The goal of the book is to try to help guide you into the world of full stack Swift development by building a frontend in both a mobile and browser app. Throughout this book, we will try to work on building a Shopping List App. The final product will consist of the following components:

• Native mobile app written in Swift for iOS
• API backend written in Swift using Vapor
• Frontend web app built using HTML rendered by Vapor, along with JavaScript and CSS for client-side interaction and styling

We will begin by building out the native application, and then proceed to building the backend for the app and integrate the app with the API. Then we will focus on rendering web views and adding authentication for both the API and the web app. Toward the end of the book, we will look at how to add real-time updates using web sockets in these apps and also try to build a simple chat application using Swift and Vapor.
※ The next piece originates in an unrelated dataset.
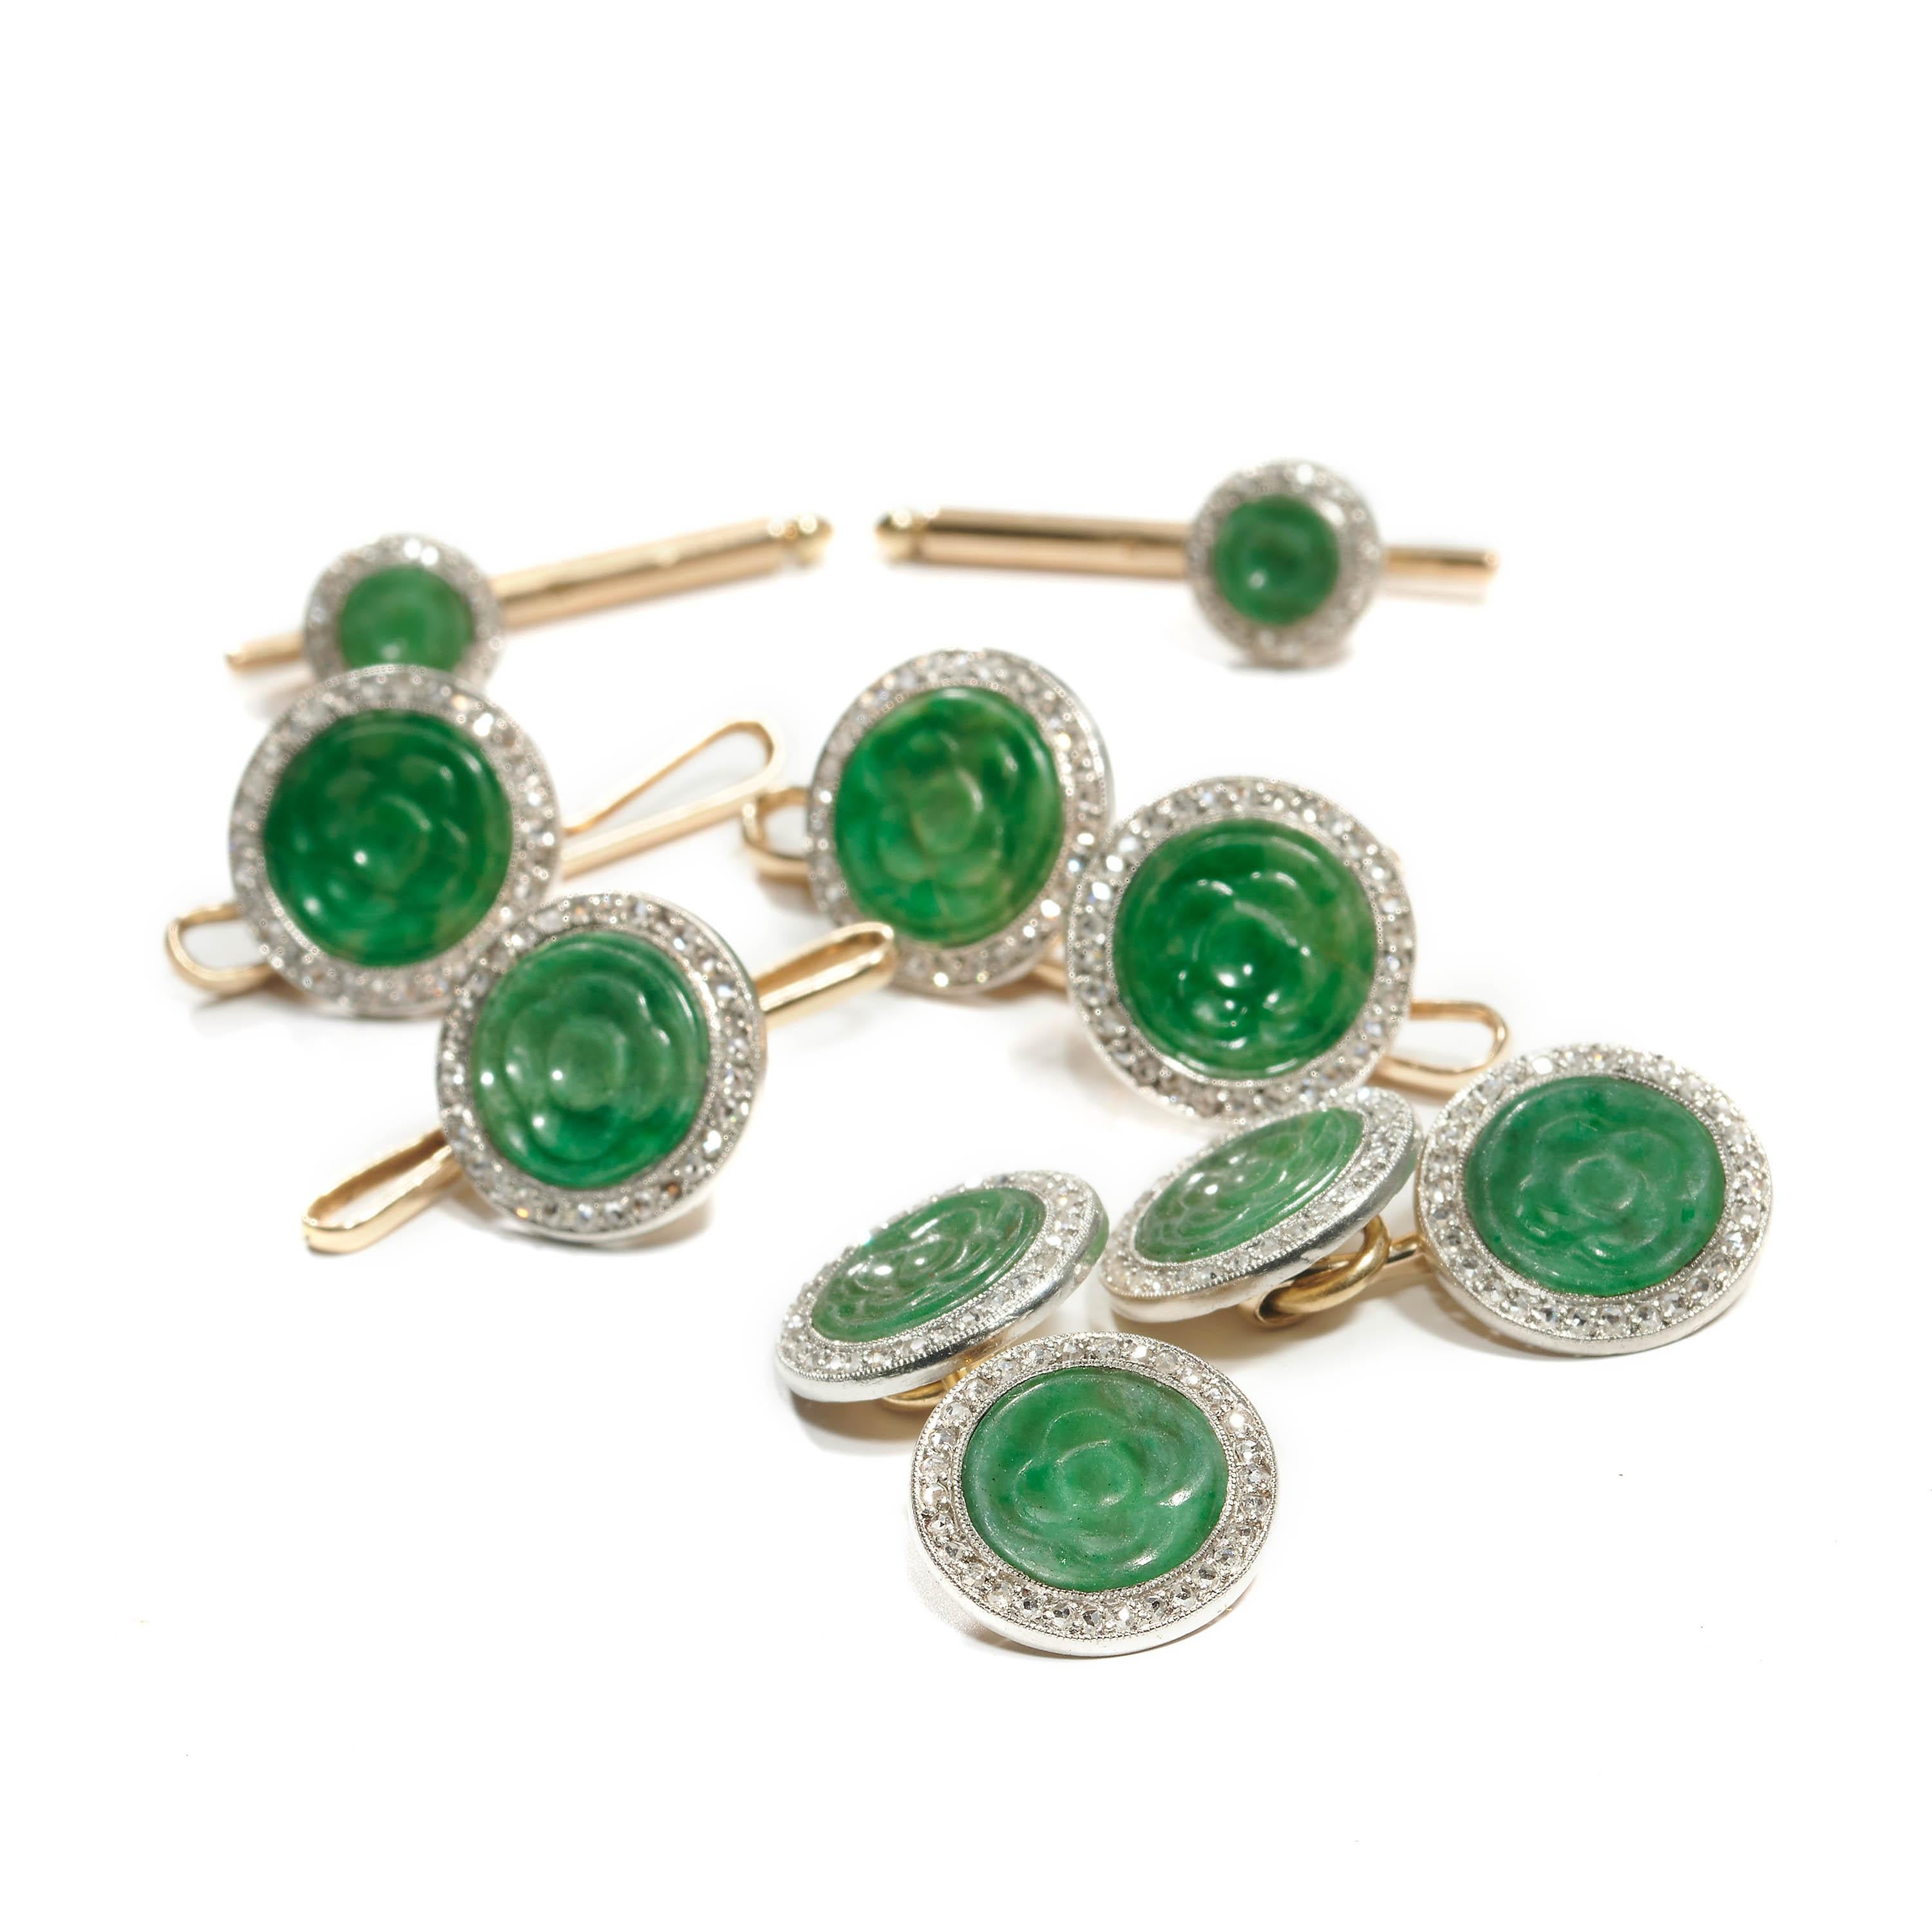 A vintage dress-set comprised of a pair of round cuffinks, four buttons and two collar studs, set with jadeite jade which has been carved to represent a lotus flower, surrounded by a border of old-cut diamonds, mounted in silver and 18ct yellow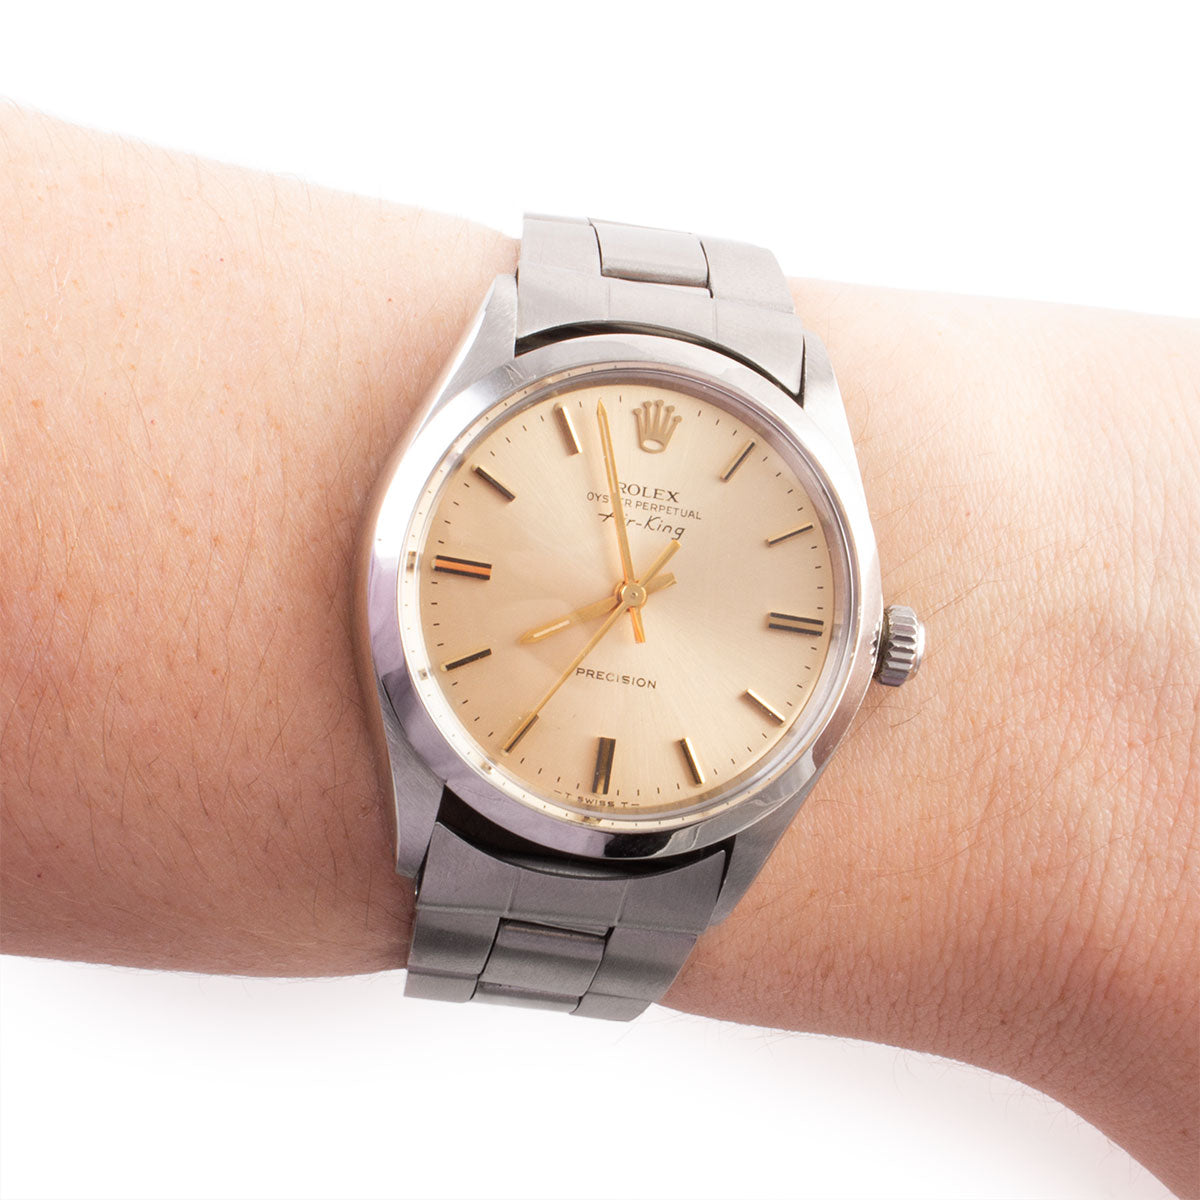 Second-hand watch - Rolex - Air-King Precision - 4700€

I hope by now you have a better understanding of the state of Swift and where it is heading. Swift, which was once a language for mobile app development, can now be used on the server to build server-side web applications. By now, you should have the following:

• An understanding of how Swift has evolved and is being used for web development
• An idea of how you can use Swift for full stack app development and reuse the tooling and knowledge of the language to build backends in Swift
• Knowledge about the Swift package manager and how to use its CLI
• Built and published a Swift package and know how to share code and import dependencies into your Swift package
• An understanding of how web servers are built and work under the hood using sockets
• Some knowledge of the server-side Swift frameworks that can help you build a full stack web application
• Familiarity with Vapor, which we will be using throughout the book
• A mental model of what we are trying to build throughout the book to learn how to build full stack native apps using Swift

In the next chapter, we will dive into building an actual native iOS app in Swift and flesh out the features of the app.